Winter blahs goodbye!

Well it’s that time of year again when people start suffering from seasonal affect disorder. The days are short , its cold, no its freezing! Its just a hard time of year to be living in the state of Maine!
There are things we can do to make it better but we don’t do them. By staying inside not venturing out into the cold boredom sets in. We get lonely by not socializing, and for some of us boredom and loneliness leads to mild depression.( and sometimes manic depression)
For many years I fell prey to this syndrome but I have learned through the years that there are things that I need to do , because I am very prone to depression. One of the most important things I need to do is not isolate myself. I need to get out be around people. I need to share a laugh with a friend, I need to have a cuppa tea with my neighbors ,I need to be out and about. I cannot sit inside my house and do nothing.
I also need sunshine! I crave it! Without sunshine I don’t sleep as well, I’m not as cheerful ,I’m grumpy and tire easily! I’m seriously thinking about getting one of those lamps the 10,000 lux lamps that simulates daylight. I really think that will help me. I figure there must be some value to it since doctors actually prescribe those lamps for people who suffer from winter depression. The only other alternative is a week vacation in Florida and since I can can neither afford it ,nor spare the time from work I guess the lamp is the way to go ! For $39.99 at I can get a little portable lamp with the blue light spectrum is supposed to be extremely good for the winter doldrums. I get plenty of exercise at work, so that’s not an issue and I get an opportunity to socialize with both my customers and my dear friends who spend a lot of time at the shop , so the isolating part isn’t an issue anymore as it was in the past
. I have to give myself a pep talk on a regular basis because I very easily get discouraged this time year. I just have to remind myself that this too will pass ,that the weather is going to get better ,the days will get longer and is just a small matter of time and things are going to get easier ! it doesn’t help matters that this time of year business is very slow so I worry more about money ,I’m paying for fuel so I worry more about money!Yes ,theres a reoccurring theme there .I worry for more about money this time of year. In the summertime there is no fuel to pay for. In the summertime business is a lot better. And in the summertime I get my daily dose of vitamin D with ample sunshine.
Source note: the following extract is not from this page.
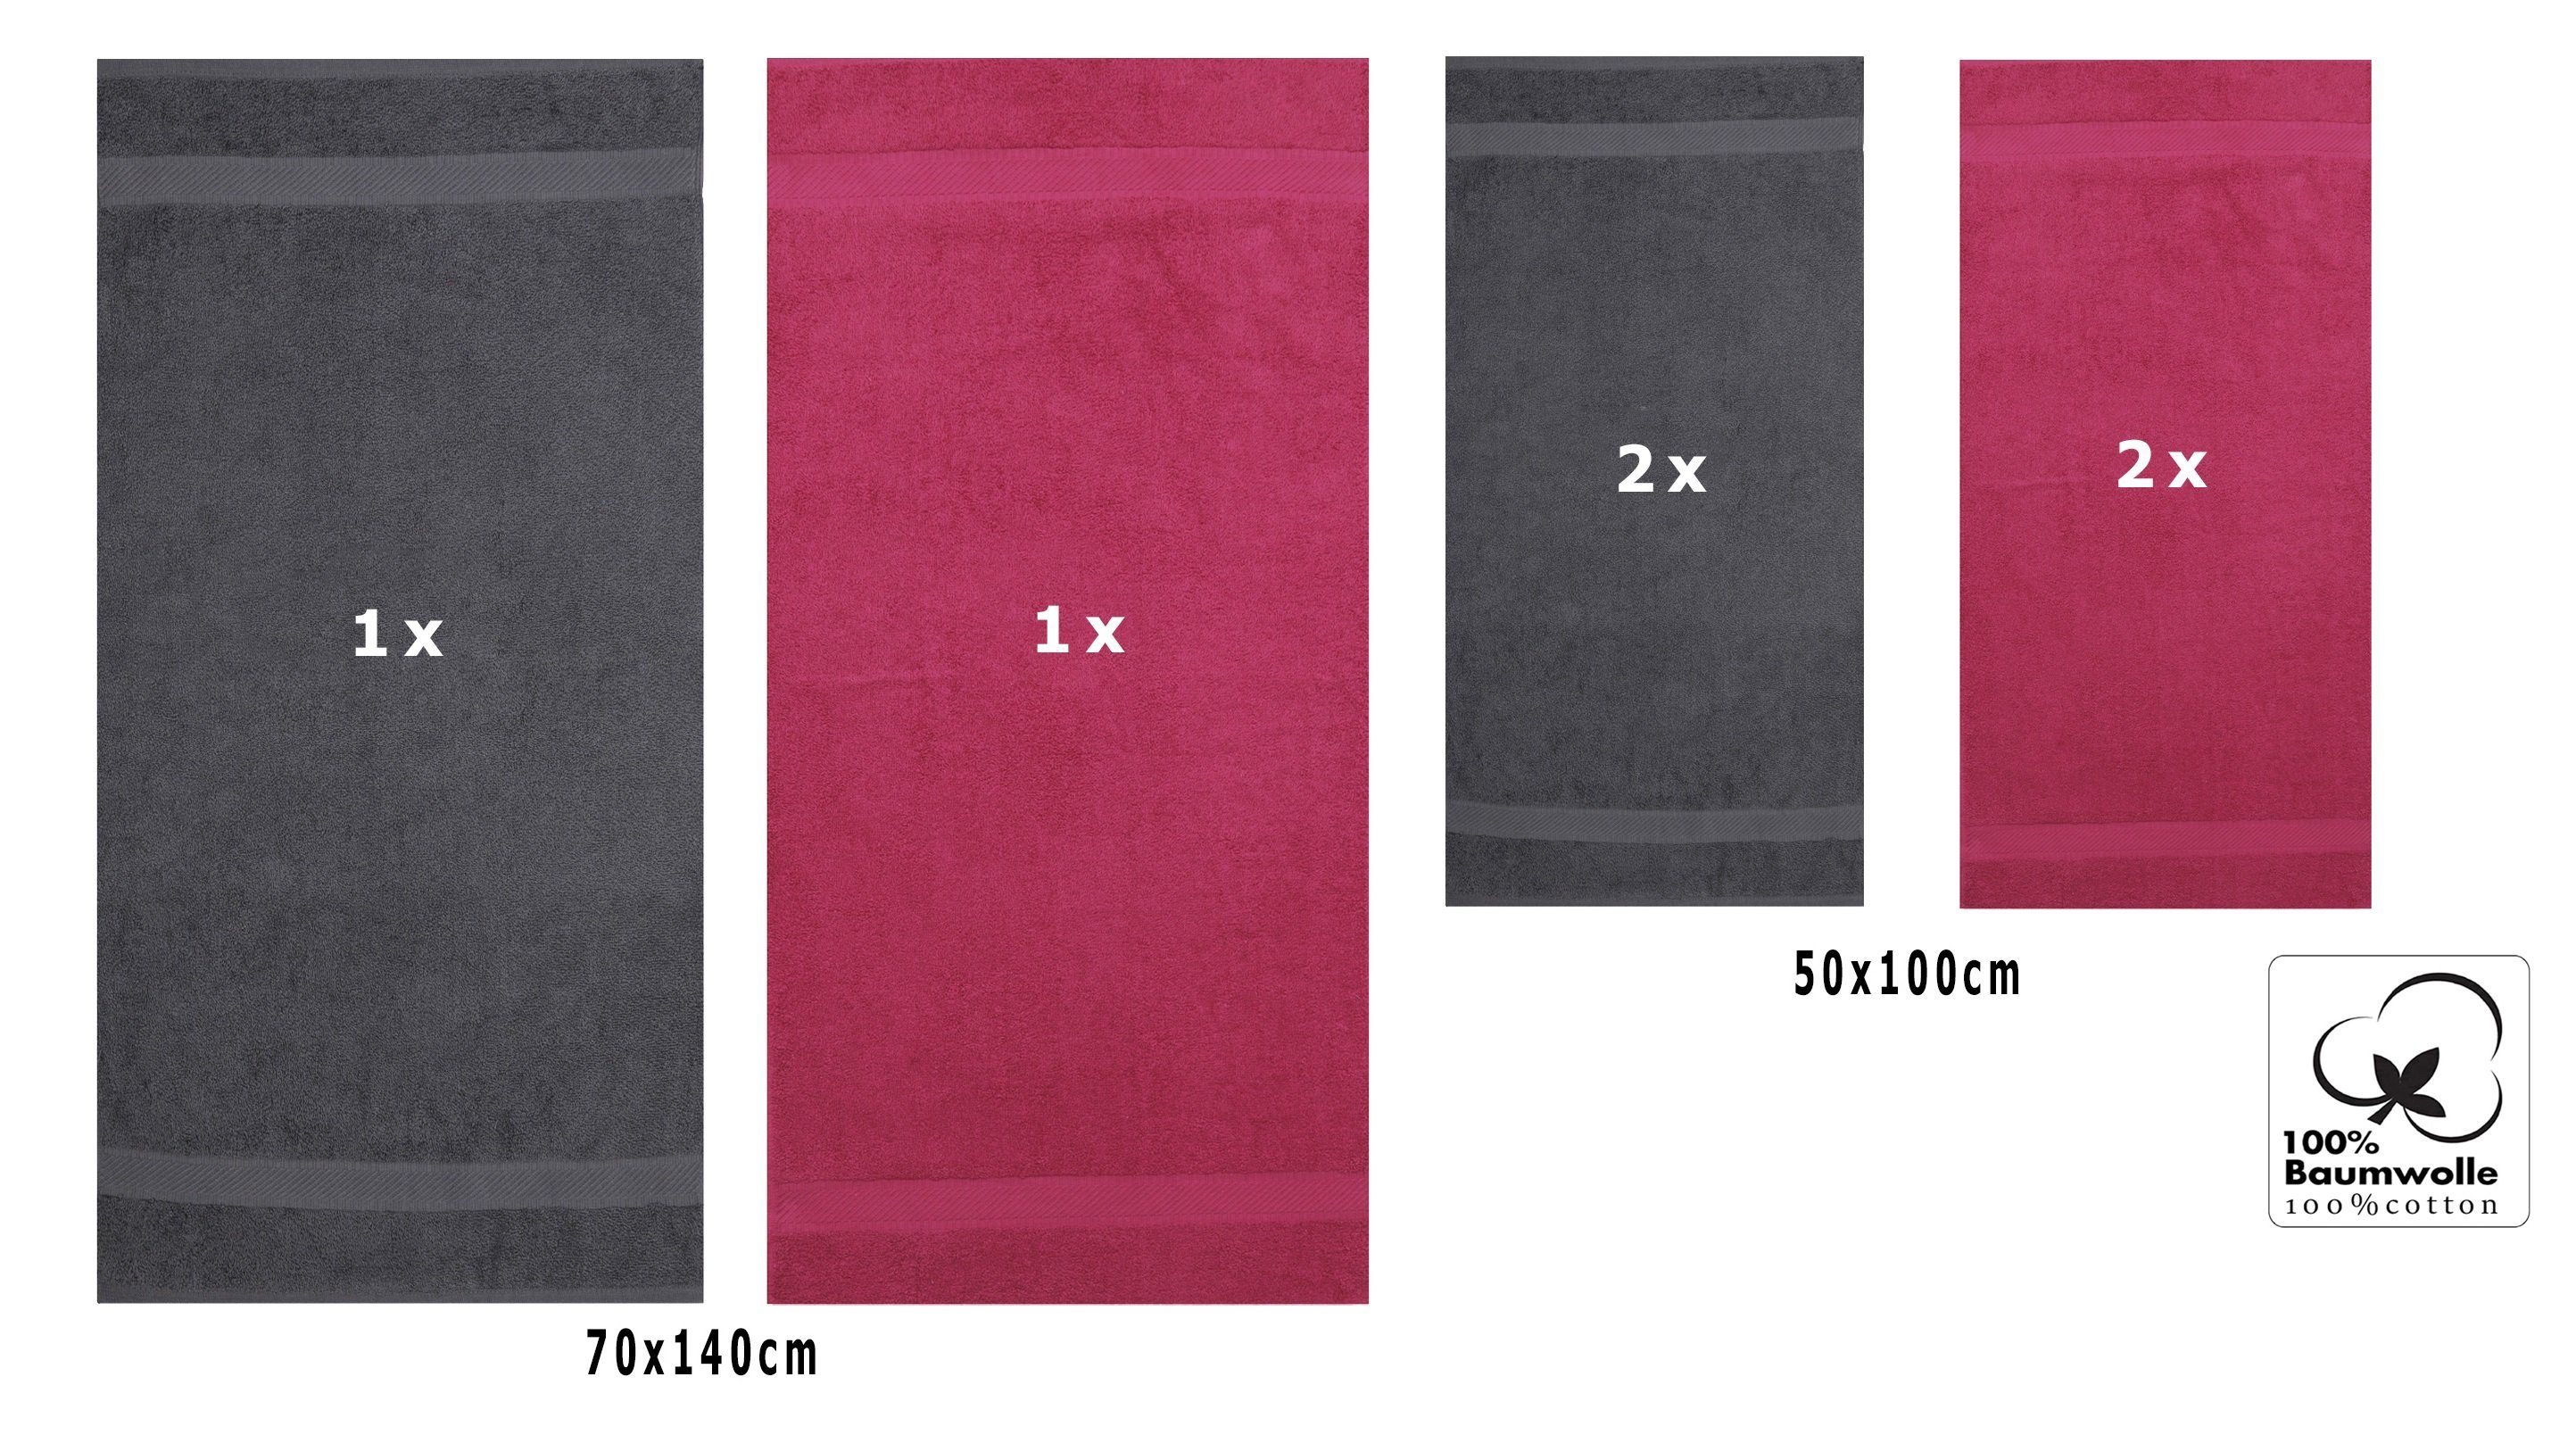 70x140 Handtücher, anthrazit/cranberry 100% Set Handtuch Liegetücher 4x 6er Betz Baumwolle Palermo cm 2x

The weather outside is frightful and that’s just the downright truth. It’s 30 below zero tonight it’s very hard to stay positive when your freezing your ass off! January is a beast! Thank God for the fireplace with a good hot fire and thank God for electric blankets!
I’m doing what I can to stay happy and positive. My advice to everybody is work at it. You get what to give, you reap what you sow, if you want to be happy you have to choose it , it zwould be very easy to just lay back and give in to the negativity. But I’m not going to do it ! I’ve learned through the years , it’s not an option so I choose to find my happiness and I work through the winter doldrums . I work hard at it! And it’s working!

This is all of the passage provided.